(Your objective) Transcribe the entries below exactly, starting with the line that has "Нападение в подмосковье." and stopping after the line that has "RAL 120 70 05"; no pictures belong in the copy.

(Exercise inputs)

++++++++

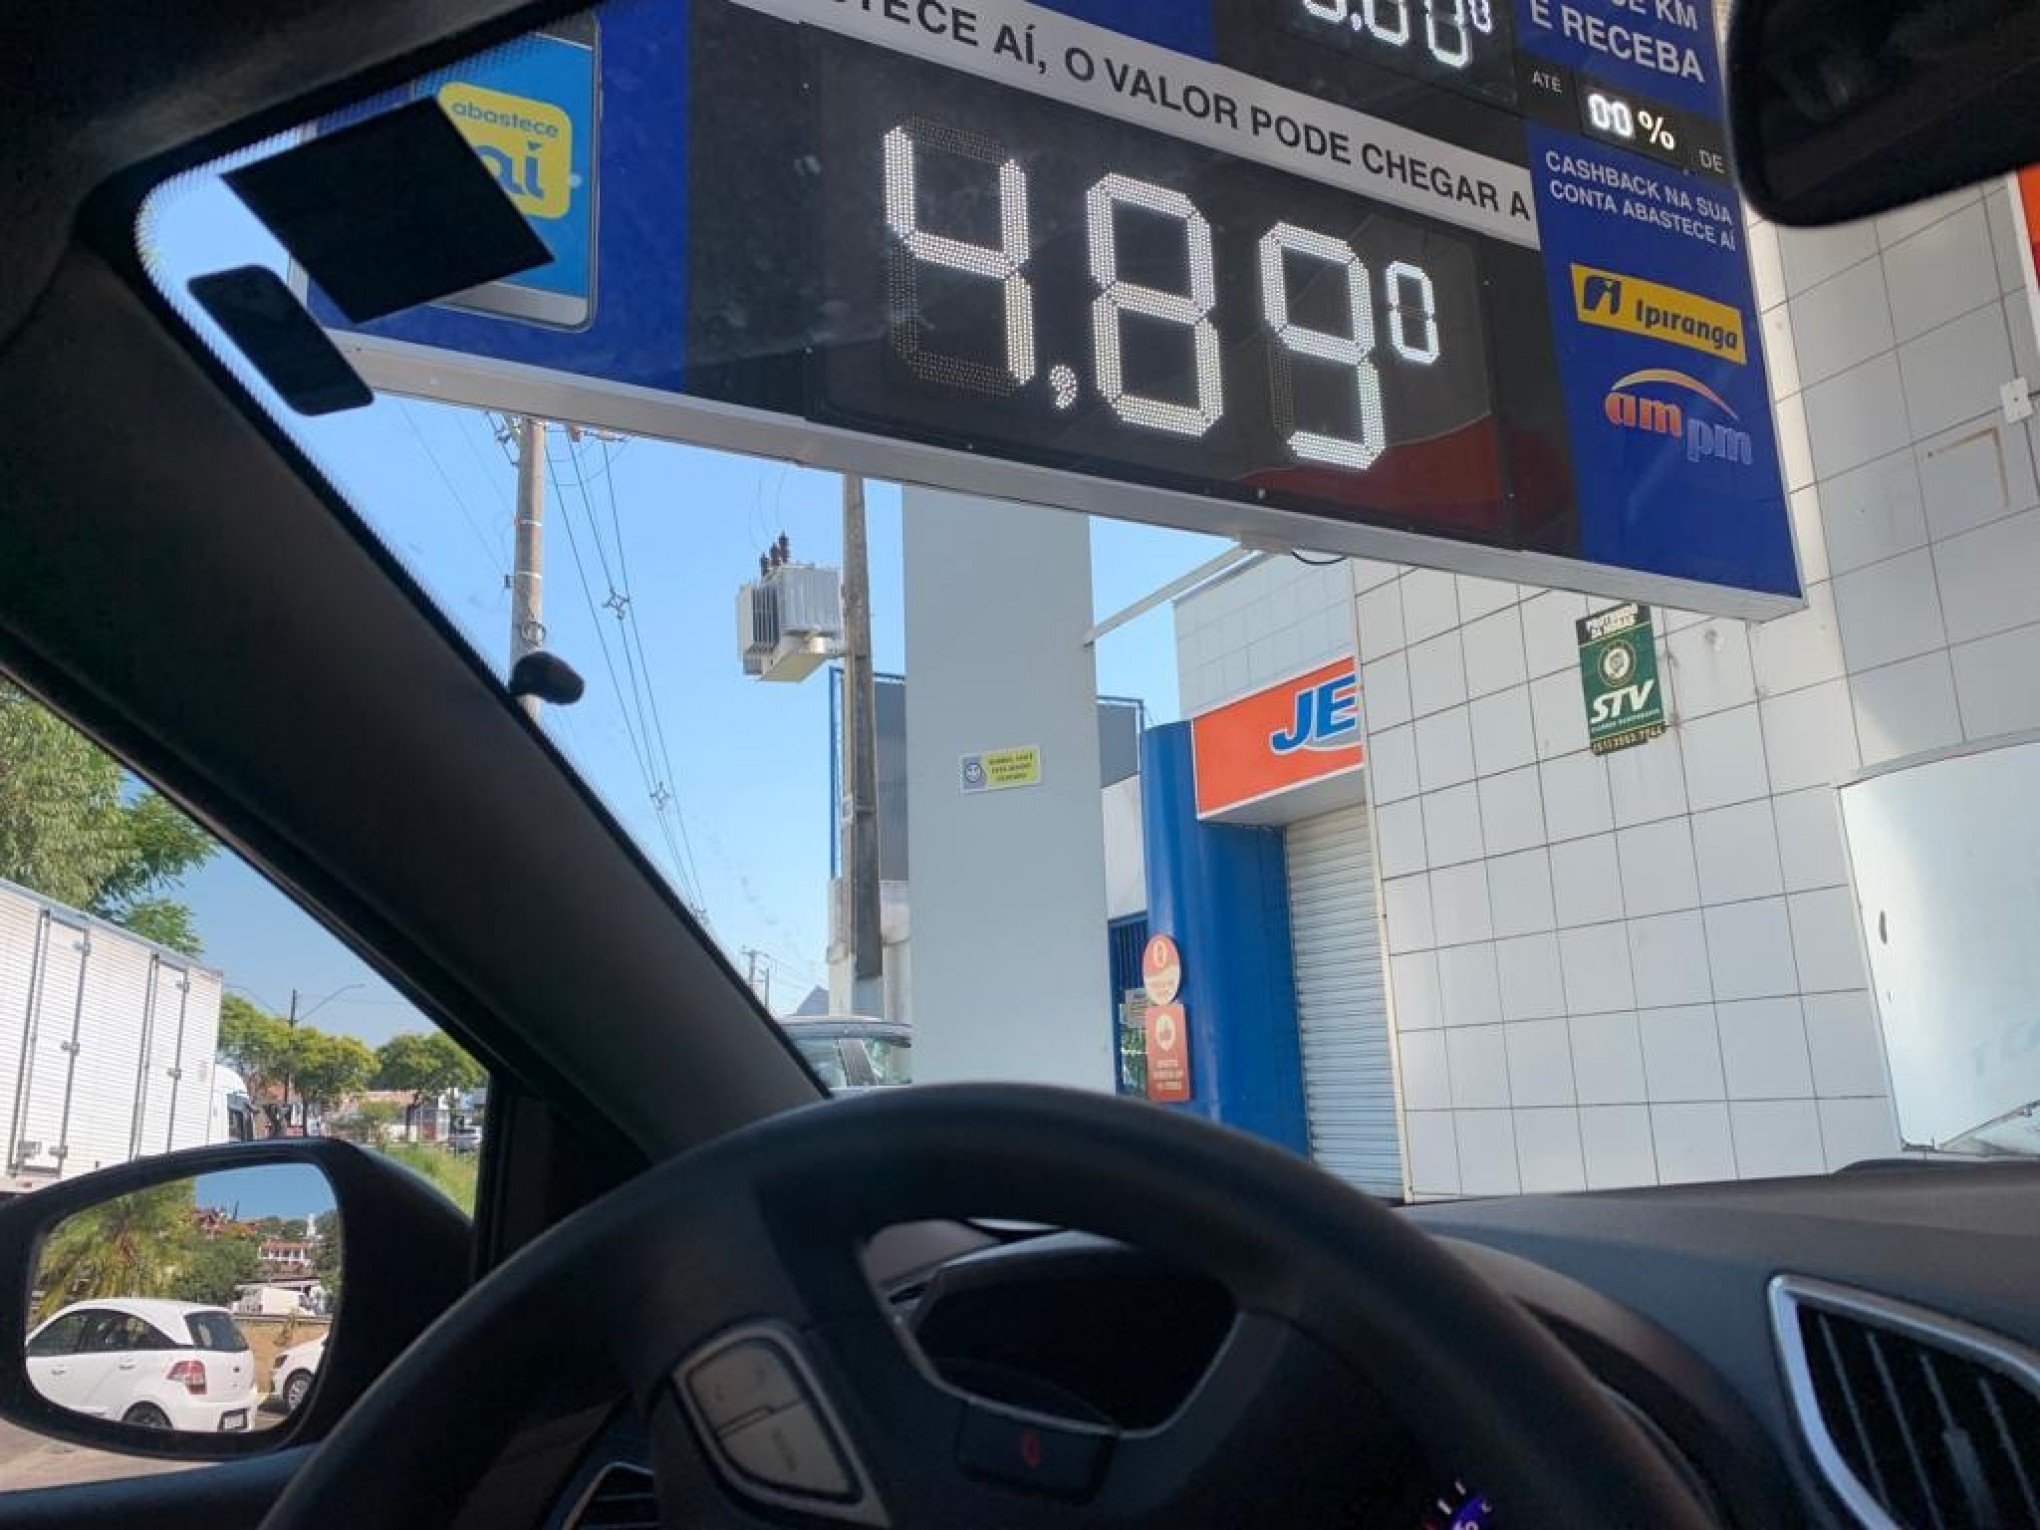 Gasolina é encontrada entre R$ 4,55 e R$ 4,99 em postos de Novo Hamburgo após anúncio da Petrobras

++++++++

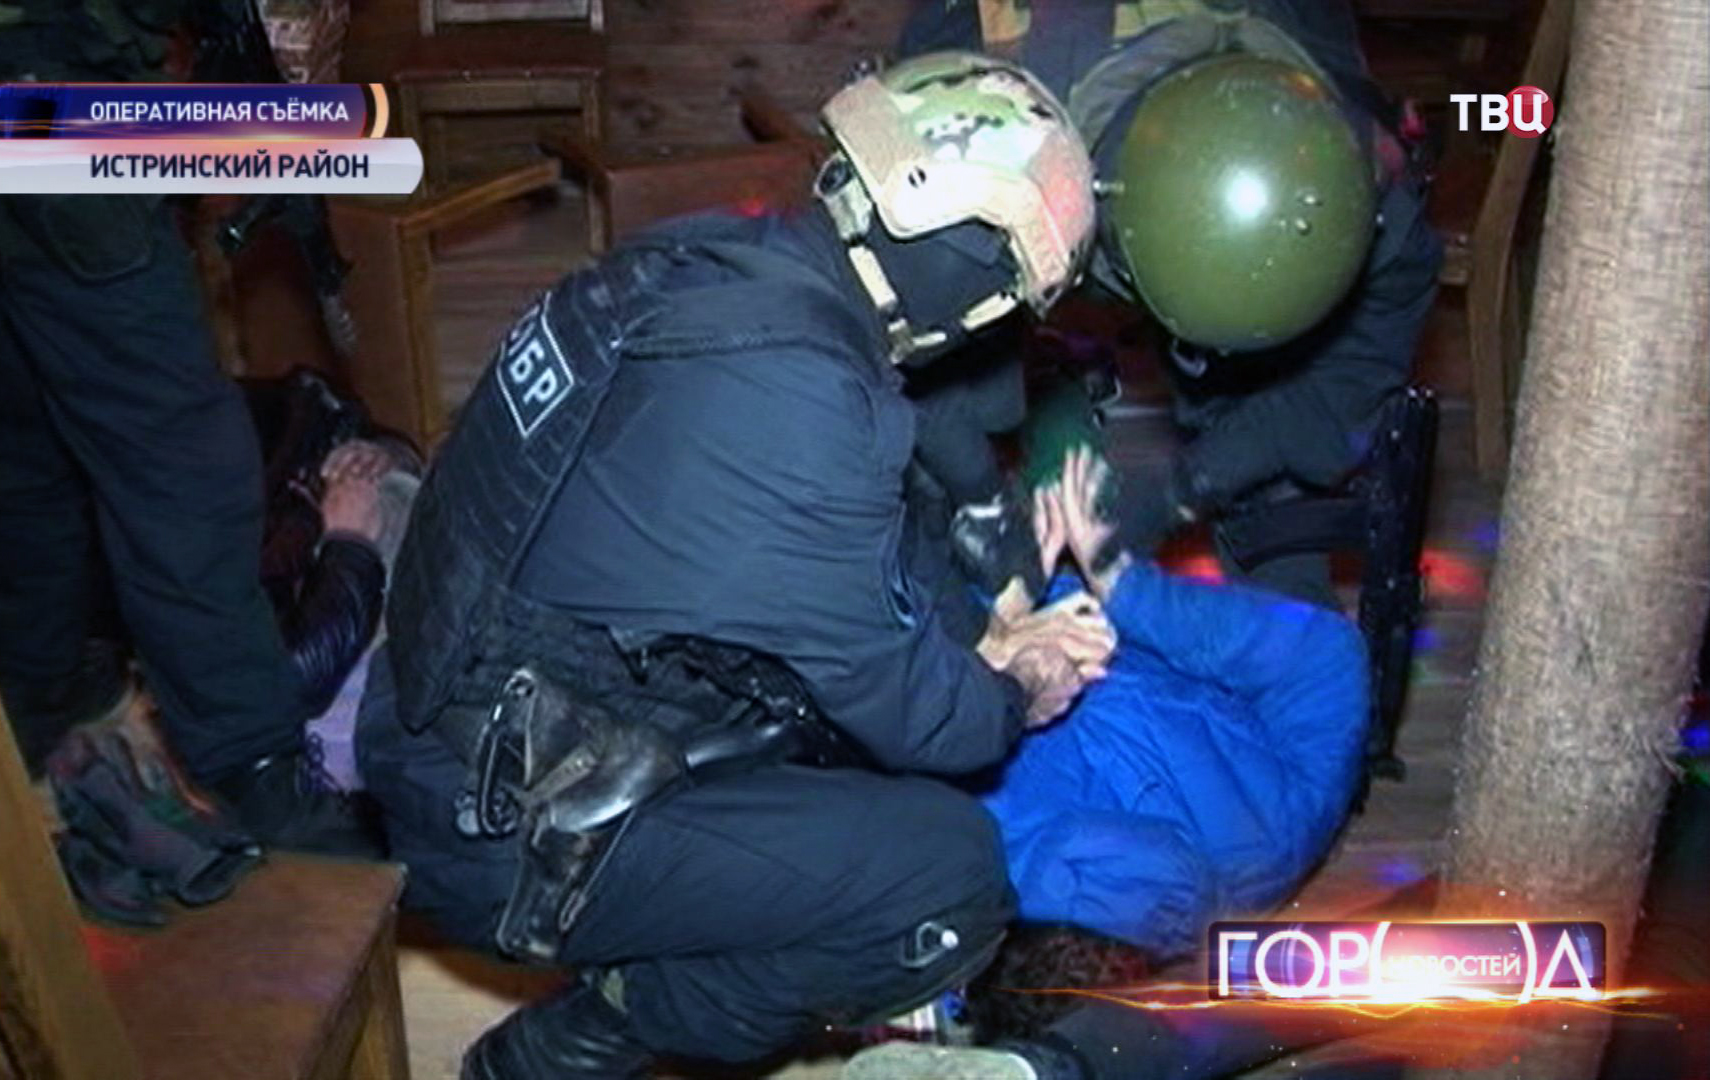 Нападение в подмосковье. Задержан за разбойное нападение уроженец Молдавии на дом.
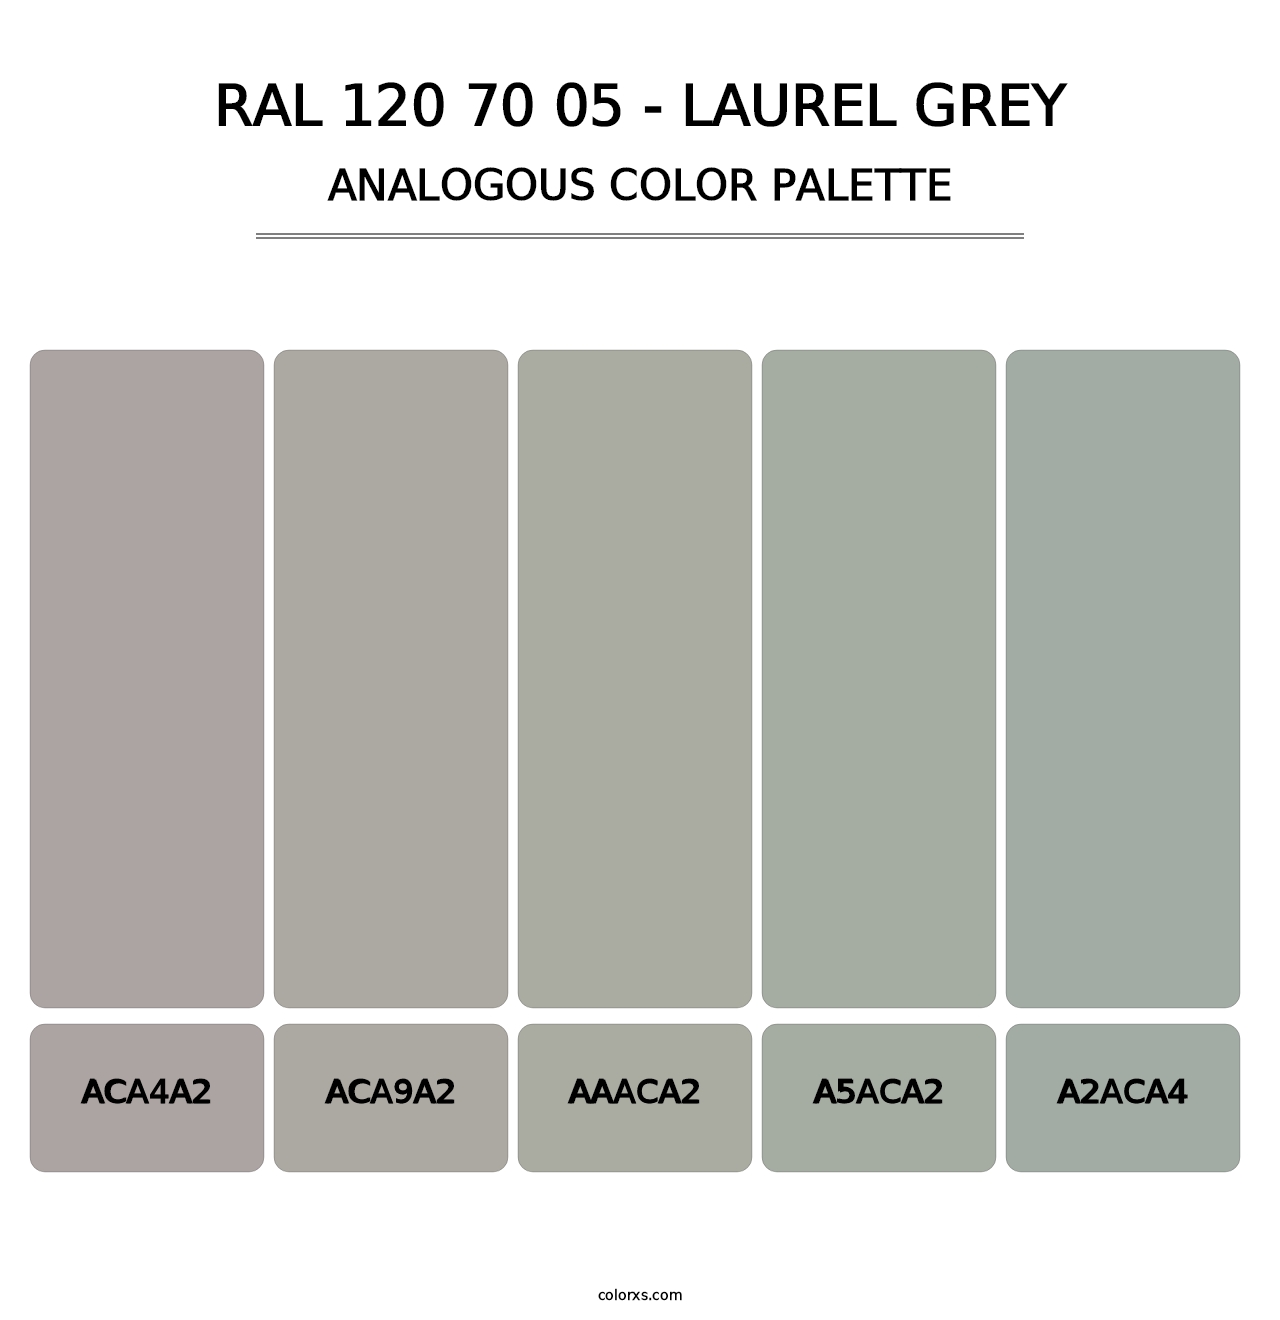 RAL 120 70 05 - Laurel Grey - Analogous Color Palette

++++++++

(Task solution)
 Нападение в подмосковье. Задержан за разбойное нападение уроженец Молдавии на дом.
 RAL 120 70 05 - Laurel Grey - Analogous Color Palette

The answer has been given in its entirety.